Li, Lu1, Aitken, Dr Alan1, Lindsay, Dr Mark1, Jessell, Dr Mark1
1The School of Earth Sciences, The University Of Western Australia, Perth WA, Australia
Antarctica preserves the largest ice sheet in the world, which has a potential contribution to future sea-level rise up to 60m. Understanding subglacial sedimentary basin distribution is essential for studying ice sheet behaviour, as it forms an important basal boundary condition for ice sheet dynamics. It also records the geological history for tectonic evolution and past ice sheet behaviour. However, the subglacial sedimentary basin distribution is poorly known in Antarctica. A map of sedimentary basin distribution is a prerequisite to improving understanding of current and past ice sheet behaviour, aiding to project future ice sheet change and sea-level rise.

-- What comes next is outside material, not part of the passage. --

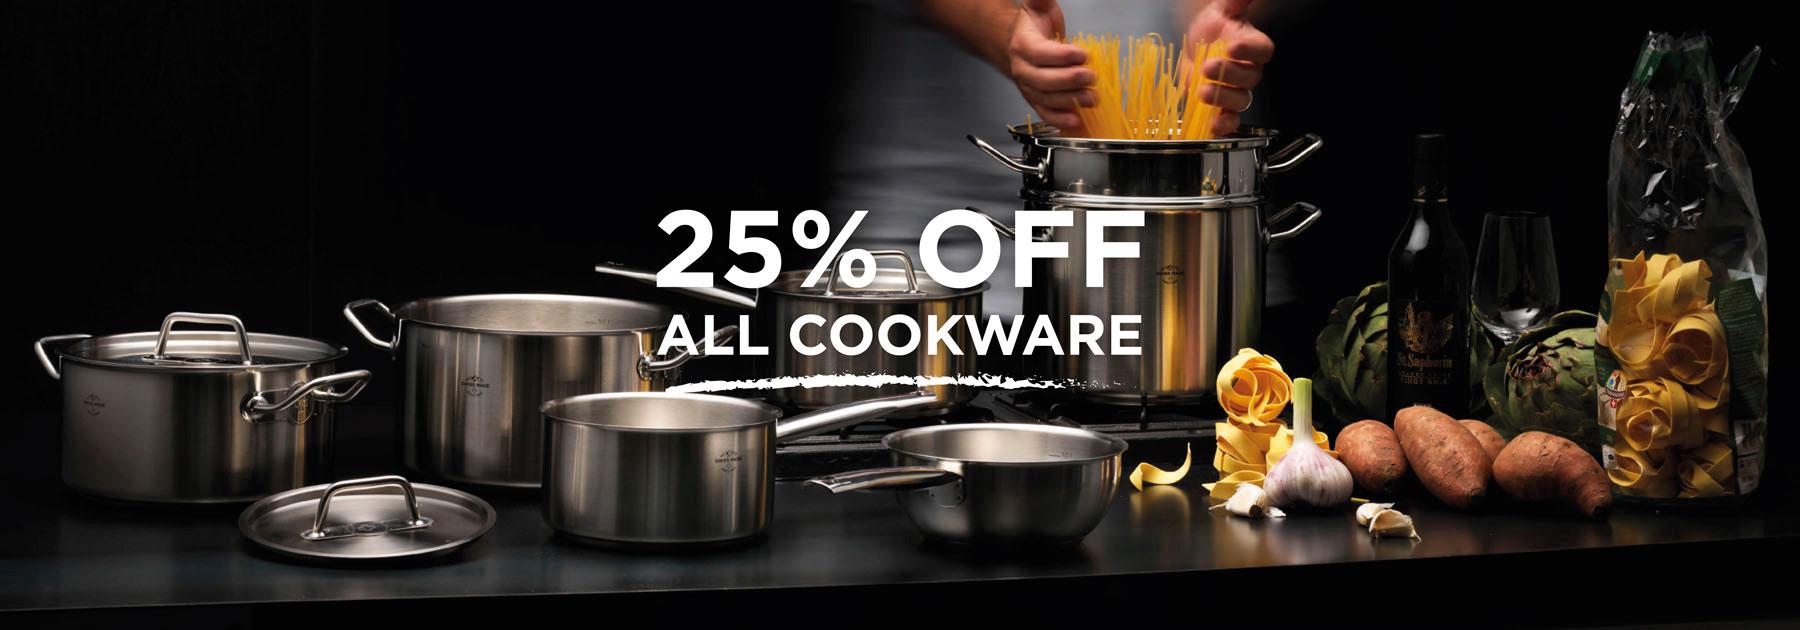 christmas, sale cooking, entertaining, saucepans, casseroles, pots, pans

In this study, we present a sedimentary basin distribution likelihood map for Antarctica using the supervised machine learning method Random Forest. We apply this to generate a model based on the current understanding of Antarctica bedrock type distribution. We label the sedimentary basin and crystalline basement distribution driven from sparse rock outcrops, seismic imaging, and potential field data interpretation. Evidence layers are chosen from the available continental-scale geophysical datasets. By applying variable importance selection, we remove the unimportant and highly correlated evidence layers. After that, a strata sample process ensured a balanced class of each bedrock type during the training process. A sedimentary basin distribution map is then spatially predicted. The model accuracy is evaluated based on block cross-validation to overcome the underestimate of prediction error in the spatial correlated geophysical data.

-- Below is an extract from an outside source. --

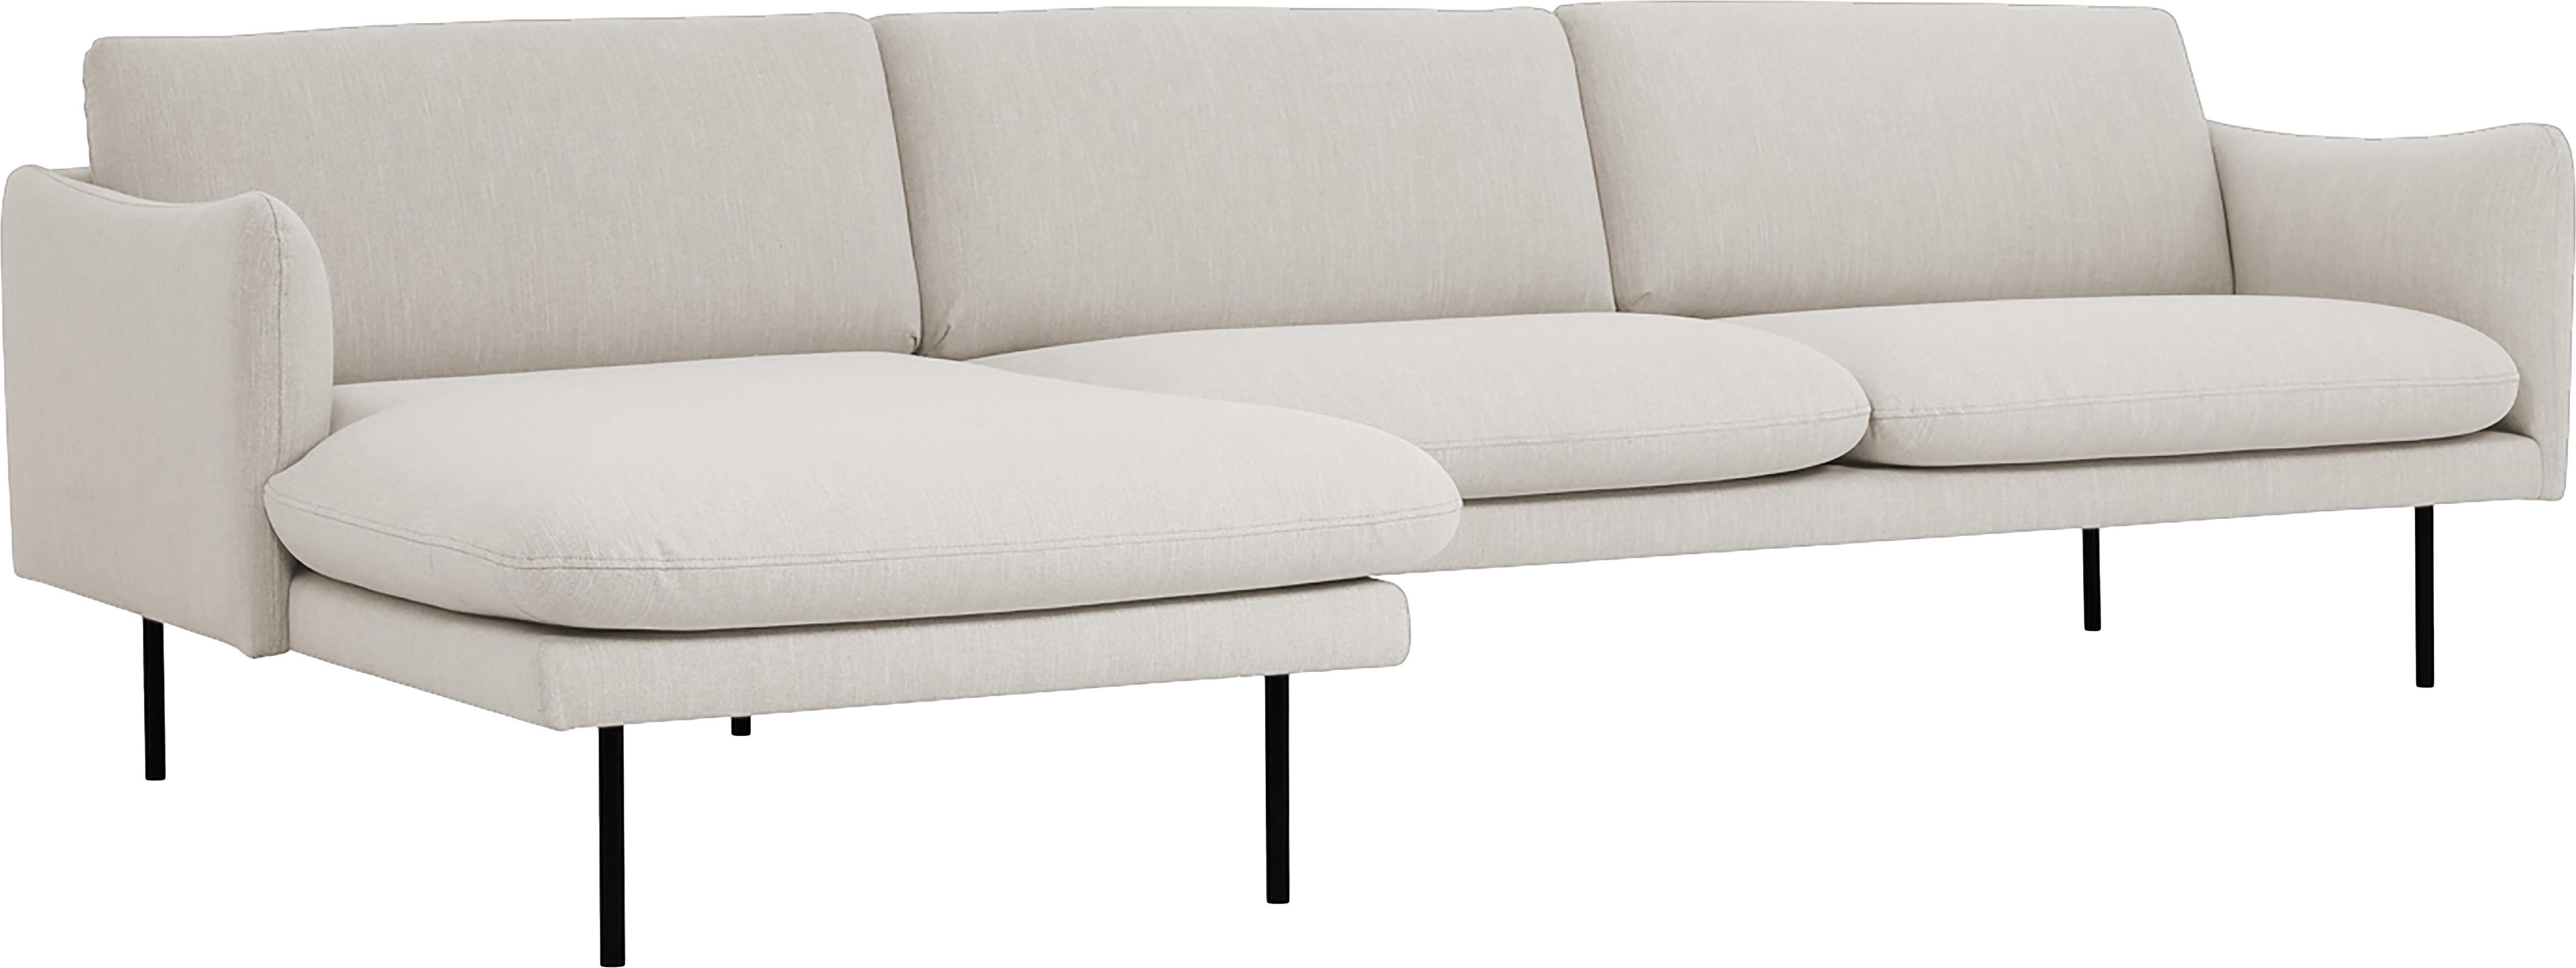 Sofa narożna Moby, Tapicerka: poliester 60000 cykli w , Stelaż: lite drewno sosnowe, Nogi: metal malowany proszkowo, Beżowy, S 280 x G 160 cm

Our results confirm the existence of previously documented subglacial sedimentary basins in Antarctica, and in general define the margins and extents of sedimentary basins in more detail. Specifically, in West Antarctica Rift System, the model delimits boundaries between sedimentary basins and volcanic rocks. We find a potential sedimentary basin preserved in Byrd Subglacial Basin, which is highly likely contributing to the currently fast flow in Thwaites Glacier. Further, our model shows more widely distributed subglacial sedimentary basins in East Antarctica than been previously recognized. Properties of geophysical and remote sensing data in Recovery Glaciers suggest a high probability of sedimentary basin preservation.
Lu Li is a PhD student at The University Of Western Australia to study geophysics. His PhD project is using geophysics to understanding lithosphere structure of Antarctica, and its influence on cryosphere/solid-earth interaction.